Hydra-Flex offers five different Reaper models; Midland owns a 9 gpm model with a 3/8-inch inlet connection, designed for 3- to 6-inch-diameter lines. One of the nozzle’s key features is a rotating front jet that emits a zero-degree, straight water stream.

At the same time, the stream rotates to create a 24-degree cone of coverage. (Other Reaper nozzles provide 30-degree coverage.) The bottom line: With a blasting capability of up to 4,000 psi, the nozzle plows through clogs that others can’t, Elge says.

The single nozzle port in the front of the nozzle generates flow of 3 gpm and the unit’s four rear nozzles produce 6 gpm, for a total flow of 9 gpm. The rear nozzles create a 20-degree spray angle for maximum propelling and pulling power.

“That powerful cone pattern on the front of the nozzle really eats away at clogs,” he says. “It really cuts things up compared to a standard nozzle with just a straightforward stream. It’s a really good penetrating nozzle.”

For contractors who don’t clean grease traps, Elge notes that grease can harden to an almost concretelike clog that bonds tightly to pipelines. “On a scale of one to 10, with 10 being the worst, grease can easily be a seven or an eight.”

Punch through grease

As an example of the Reaper’s power, he recalls a 4-inch line he cleaned at a school cafeteria last summer. After he started cleaning the line with a different nozzle, he noticed water coming back up the line; the nozzle just wasn’t hacking it.

“I wasn’t getting anywhere, so I switched to the Reaper,” he says. “And it punched through the grease without any effort at all. It cleaned things up real nice and helped us avoid flooding on the top side.

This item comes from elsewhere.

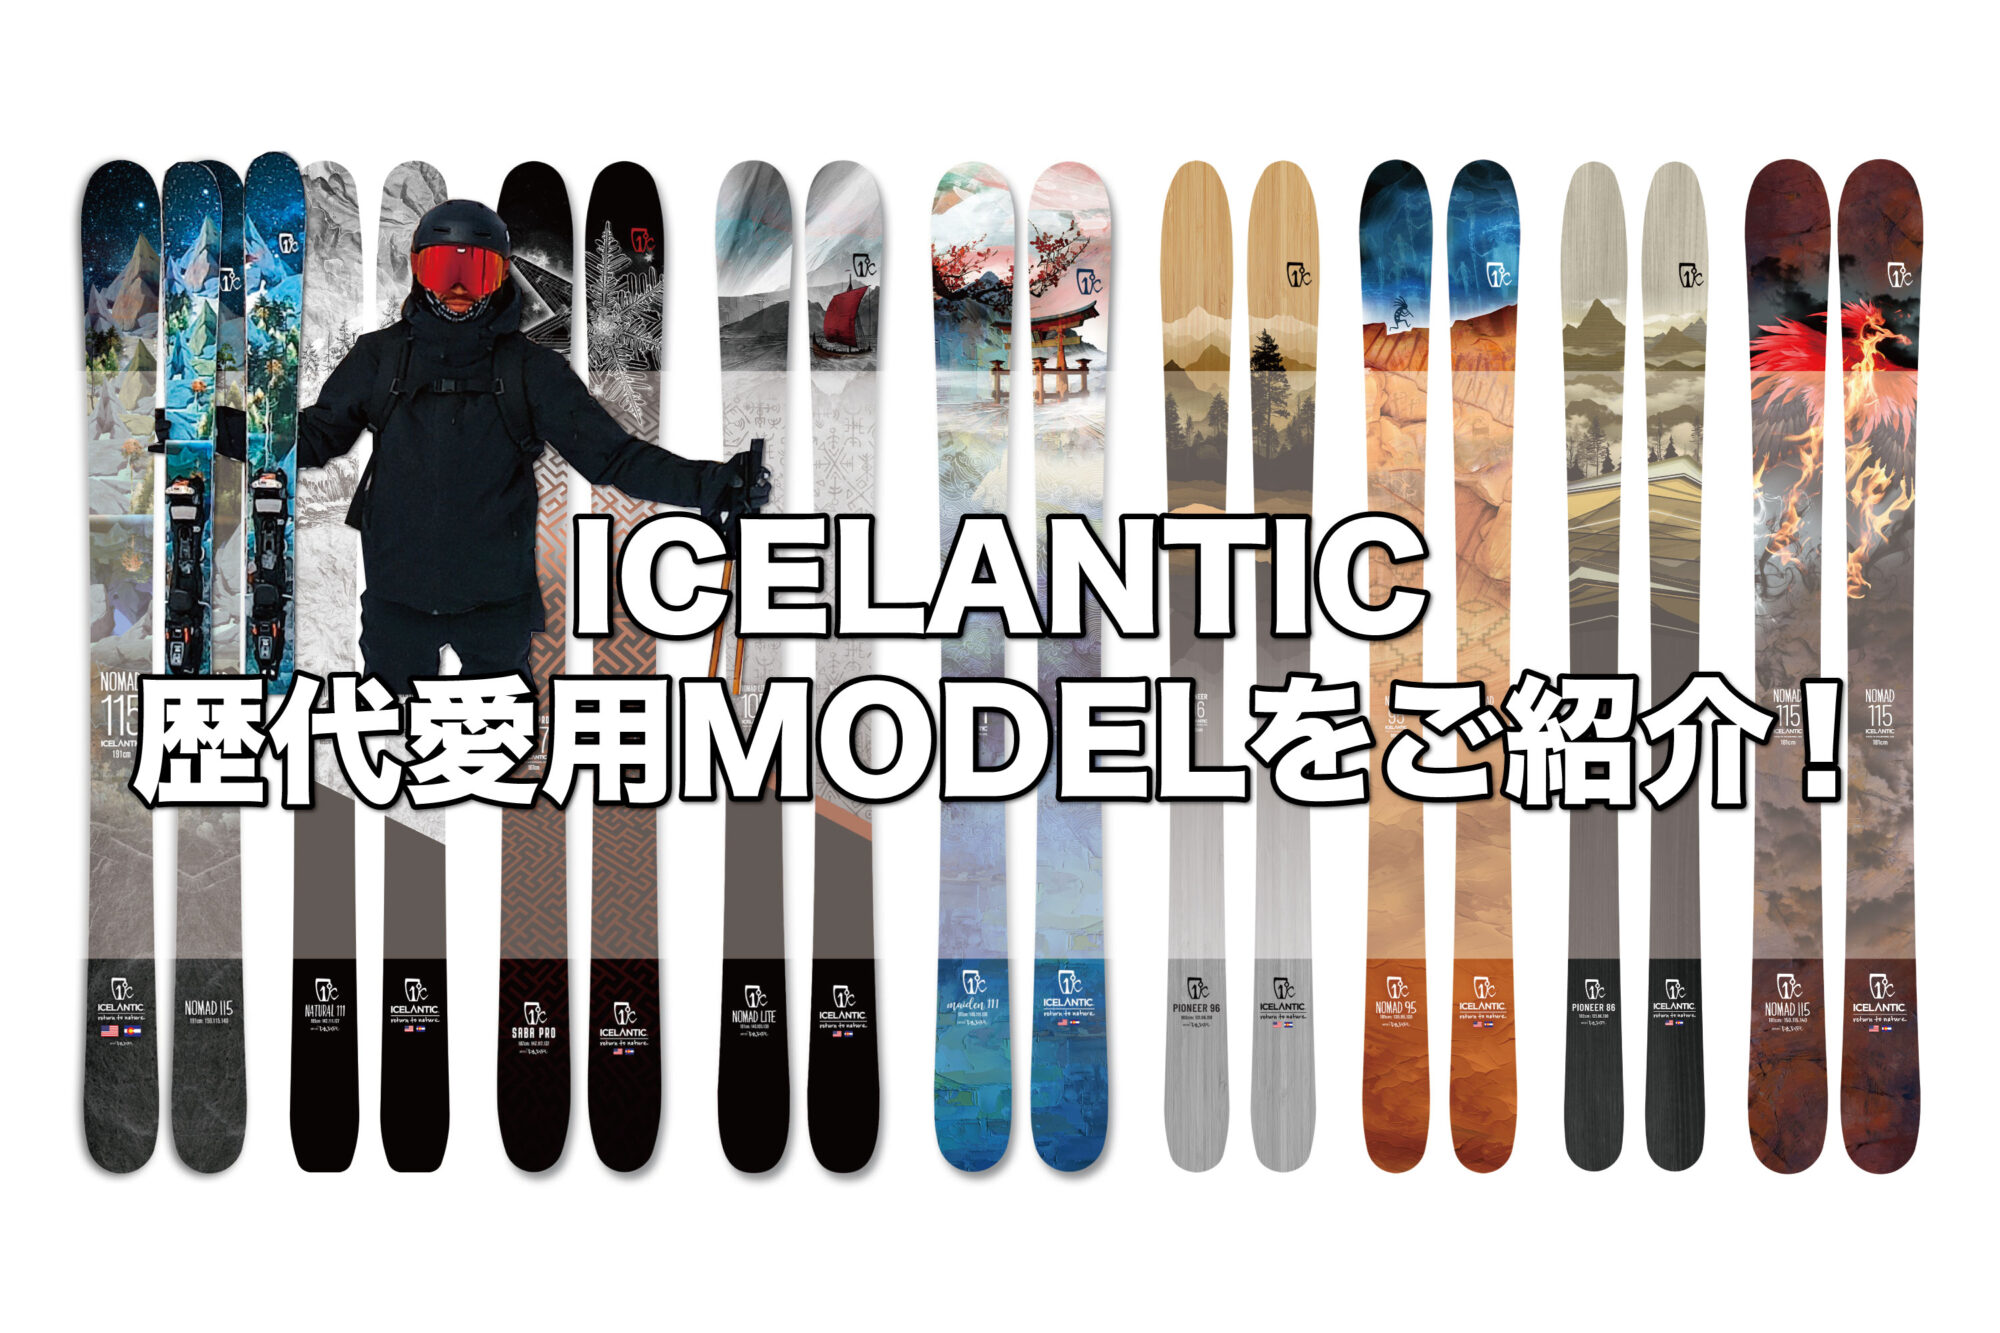 ICELANTIC SABRE 80 174 アイスランティック - スキー

“That often happens while jetting lines, so we sometimes take a pump truck along to vacuum up water. But with the Reaper, we don’t have to do that as often, so we save ourselves and our customers some money by not having to bring the truck along as much.”

In addition, only the stream of water from the front port rotates, not the entire nozzle. As such, the rotation doesn’t slow down if the nozzle encounters debris.

“It’s also a low-maintenance nozzle. You don’t have to periodically add viscous oil to lubricate the bearings.”

Elge also praises the nozzle’s durability, courtesy of a stainless steel housing and tungsten carbide nozzle tip and seat. And maintenance is simple: Just keep the ports clean, he says.

Go-to tool

For waterjetting, the company — which was established more than 25 years ago and serves customers within about a 40-mile radius around Omaha — uses two different jetters mounted on an International truck chassis.

One features a 1,000-gallon water tank, 700 feet of 1-inch-diameter hose and a water pump made by Myers (a division of Pentair) that generates flow of 65 gpm and pressure of 2,000 psi. The other jetter was fabricated in-house and features a water pump manufactured by Pratissoli Pompe that generates flow of 11 gpm at 3,000 psi and 550 feet of 1/2-inch-diameter hose.

The dual jetters, which use the same water tank, allow one truck to handle both mainline sewers and smaller grease trap and lateral lines. “It’s a one-of-a-kind machine.”

A Reaper nozzle costs about $620, which Elge says is a worthwhile investment. “It’s become my go-to nozzle. I’d definitely recommend it to anybody.”